Film: The Expendables

Members: Barney Ross (Sylvester Stallone), Lee Christmas (Jason Statham), Yin Yang (Jet Li), Gunner Jensen (Dolph Lundgren), Hale Caesar (Terry Crews), Toll Road (Randy Couture)

Leader: Barney Ross

MVP: Lee Christmas

In terms of muscles, bullets and sheer destructive force, there’s no question that this was the team of the year. Individually, they’ve already taken apart governments, gangsters and mere bad guys in their careers; collectively, is it any surprise that they take down an entire country’s security forces, with bonus CIA and mercenary assistance to overcome, on their day off?

Inception Team

Film: Inception

Members: Cobb (Leonardo DiCaprio), Arthur (Joseph Gordon-Levitt), Ariadne (Ellen Page), Eames (Tom Hardy), Saito (Ken Watanabe), Yusuf (Dileep Rao)

Leader: Cobb

MVP: Ariadne

It’s brains over brawn for this lot, who value the ability to creep into the unconscious, maintain a dream in perfect equilibrium or brew up a new and better dream formula over the ability to throw a punch (although that won’t hurt either). Anyway, who needs to tangle with henchmen when you could be untangling the id?

Film: The A-Team

Members: Colonel Hannibal Smith (Liam Neeson), Lt. ‘Faceman’ Peck (Bradley Cooper), B.A. Baracus (Quinton ‘Rampage’ Jackson), Captain H.M. Murdock (Sharlto Copley)
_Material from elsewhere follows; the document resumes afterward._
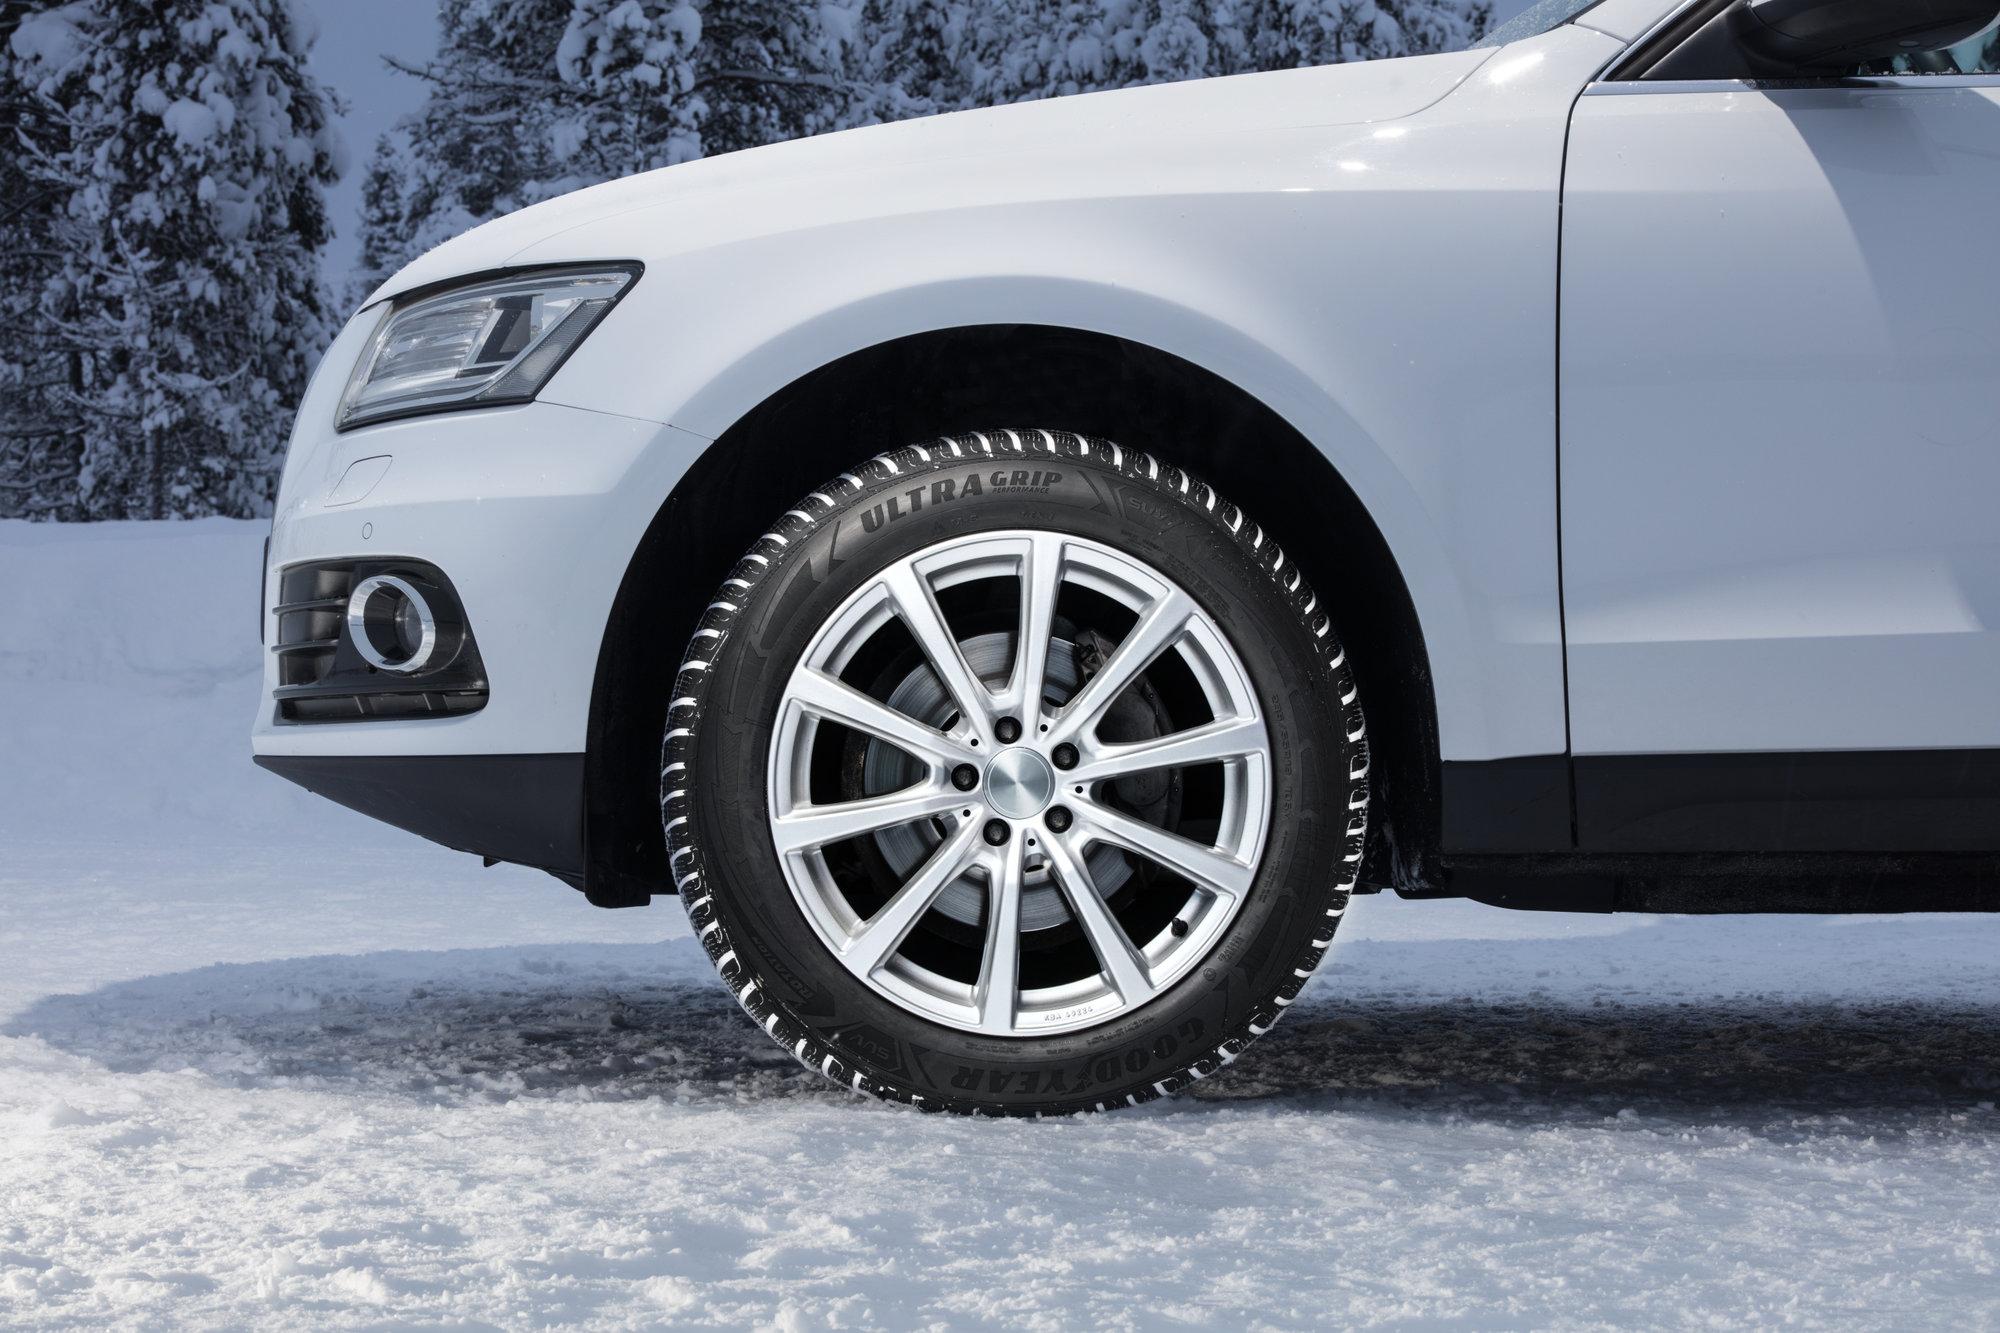 Celoroční pneu: Solidní kompromis s několika omezeními - anotační obrázek

Leader: *Colonel Hannibal Smith

MVP: Lt. ‘Faceman’ Peck

The chemistry was built in to the characters already, so we knew what we were in for: the leader, the muscle, the mad genius, the cool one. What was impressive this time was how well a new cast made the characters work, from Liam Neeson’s majestic Hannibal to Sharlto Copley’s pleasantly twitchy Murdoch.

Film: Harry Potter and the Deathly Hallows, Part One

Members: Harry Potter (Daniel Radcliffe), Ron Weasley (Rupert Grint), Hermione Granger (Emma Watson)

Leader: Harry Potter

MVP: Hermione Granger

The penultimate Potter saw our central trio out of the comforting confines of Hogwarts and on the run from the law, and it turned out that they’re capable of some bad-assery. Harry and Ron dived into icy waters, all three infiltrated the Ministry of Magic in disguise, but MVP, no question, is Hermione, consistently the most prepared of the group.

Toy Story 3

Film: Toy Story 3

Members: Woody (Tom Hanks), Buzz Lightyear (Tim Allen), Jessie (Joan Cusack), Mr. and Mrs Potato Head (Don Rickles and Estelle Harris), Hamm (John Ratzenberger), Rex (Wallace Shawn), Slinky Dog (Blake Clark)

Leader: Woody

MVP: Buzz Lightyear

Here’s a team who are more like family than anything else. Sure, there are occasional misunderstandings and disagreements, the occasional reboot of a key member in Spanish mode and problems involving sandboxes, but there’s such an abiding love and friendship between this gang that it would be a crime to separate them. Thank god Andy figures out the same thing.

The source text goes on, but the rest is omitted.